Националист вздохнул, проведя тыльной стороной ладони по иссиня-чёрным волосам, а затем вновь наклонился к Шустову.
- Как бы то ни было, мы не предъявим левым за это обвинений, Герман, – ответил он, щуря глаза. – Левые нам помогают, ибо по статье этой “Умницы” для переворота нам нужна “Объединённая оппозиция”. Не забывай, мой друг, что мы теперь единая часть силы. Если социалисты так желают объединения...
- Я понял, Джек, – Шустов хитро улыбнулся. – Намекаешь на “белые ленты”?
- Именно. Это будет предложением конкретно от нашего блока – Заславскому такая идея вряд ли понравится, но народу – более чем.

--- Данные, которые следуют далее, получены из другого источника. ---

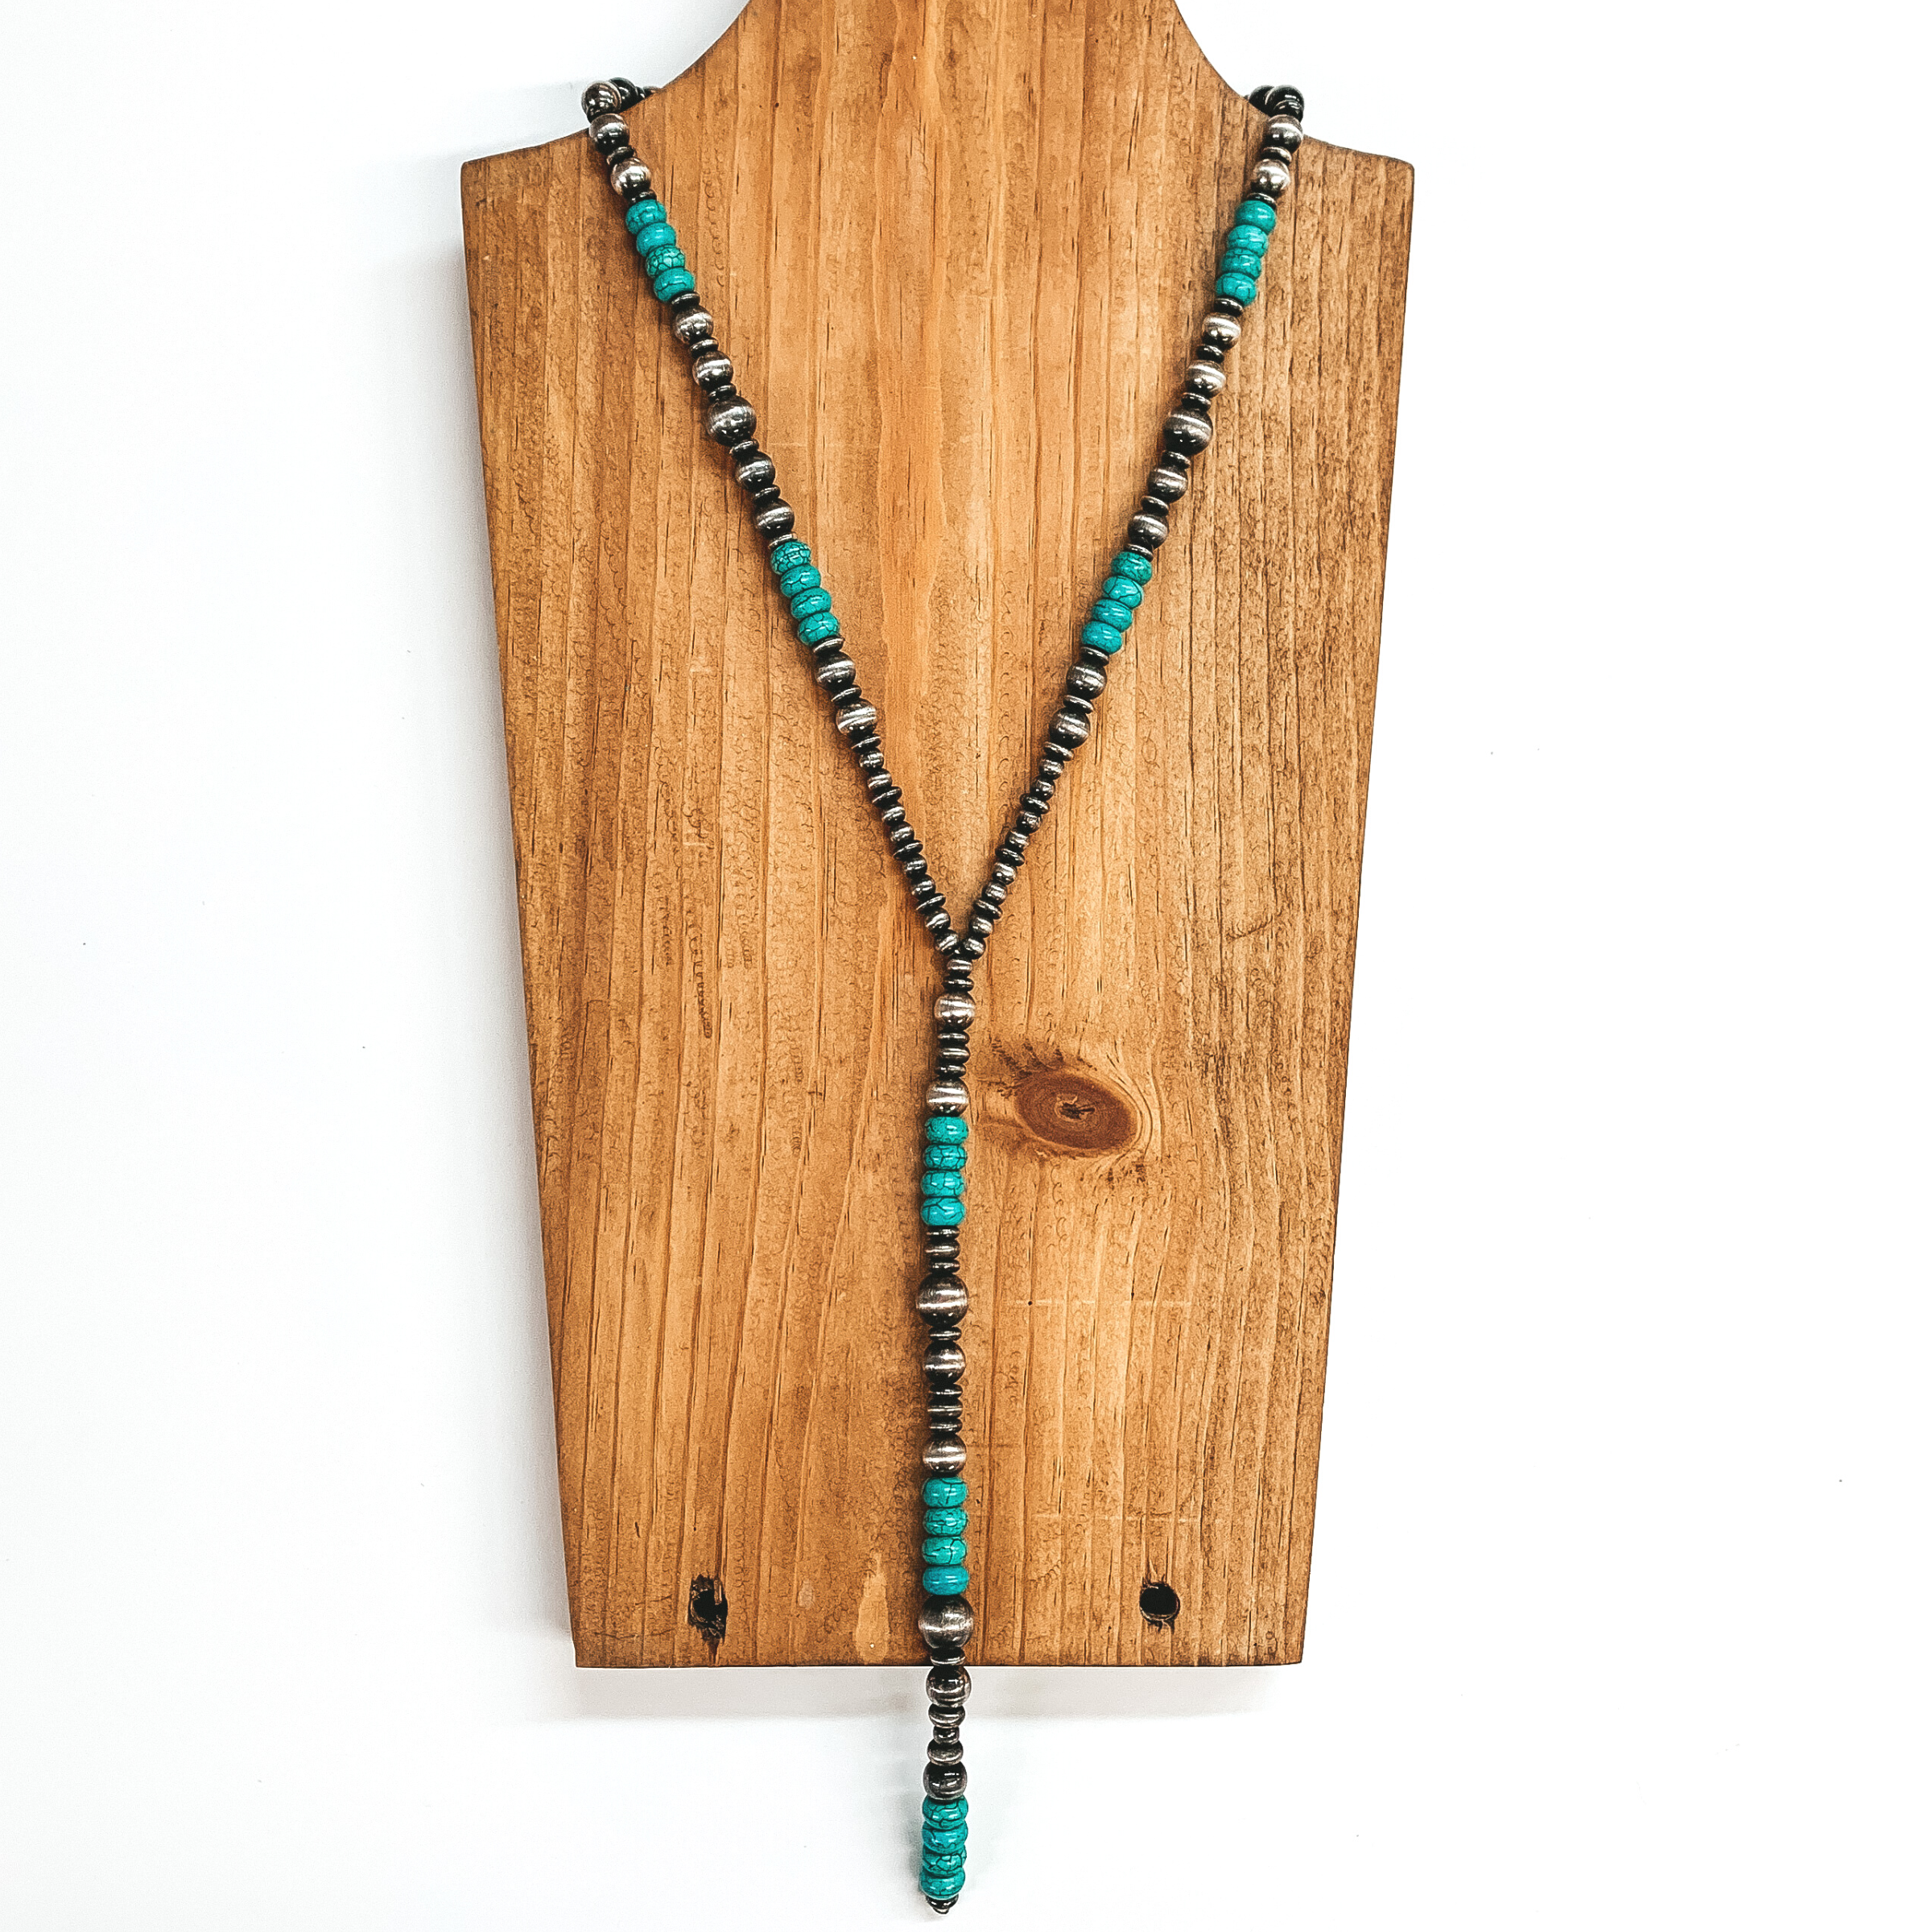 Silver and turquoise beaded necklace with a long beaded drop. The silver beads have different sizes of beads, while the turquoise beads are the space size and used as spacers. This necklace is pictured on a wood necklace holder on a white background.

- Нельзя надеяться на правых.
После дипломатической встречи Заславский выглядел таким встревоженным, словно был не в планетарии, а на Тверской, ибо там проходило большинство вооружённых стычек. Он шёл быстрым шагом по гигантскому павильону, прилегающего к “Домодедово”. Этот аэропорт “Левая оппозиция” взяла под контроль в конце августа, и теперь, когда все рейсы были отменены, территорию Москвы не могли покидать пассажирские самолёты. Столица была практически полностью оккупирована, однако покинуть или въехать в её пределы было возможно лишь на автомобиле или на некоторых поездах.
- Почему? – спросила Виктория; делегация едва успевала следовать за лидером.
- Они обещали нас спонсировать, но если в штурме произойдёт форс-мажор, НОППР непременно нас предадут, – Пётр Геннадьевич искал взглядом нужную цифру, изображённую на огромной металлической двери: коридор из подобных дверей выглядел и действовал бы устрашающе на тех, кто никогда не выл в этих частях аэропорта. – Ага! Двести шестая. Вот она.
Левые остановились напротив “206”-ого ангара, пока Заславский искал пульт управления, для того, чтобы он открылся.
- Катя, помню, хотела, чтобы мы его как-то назвали.
- Абсурд, скатились до того, чтобы давать имена дирижаблям.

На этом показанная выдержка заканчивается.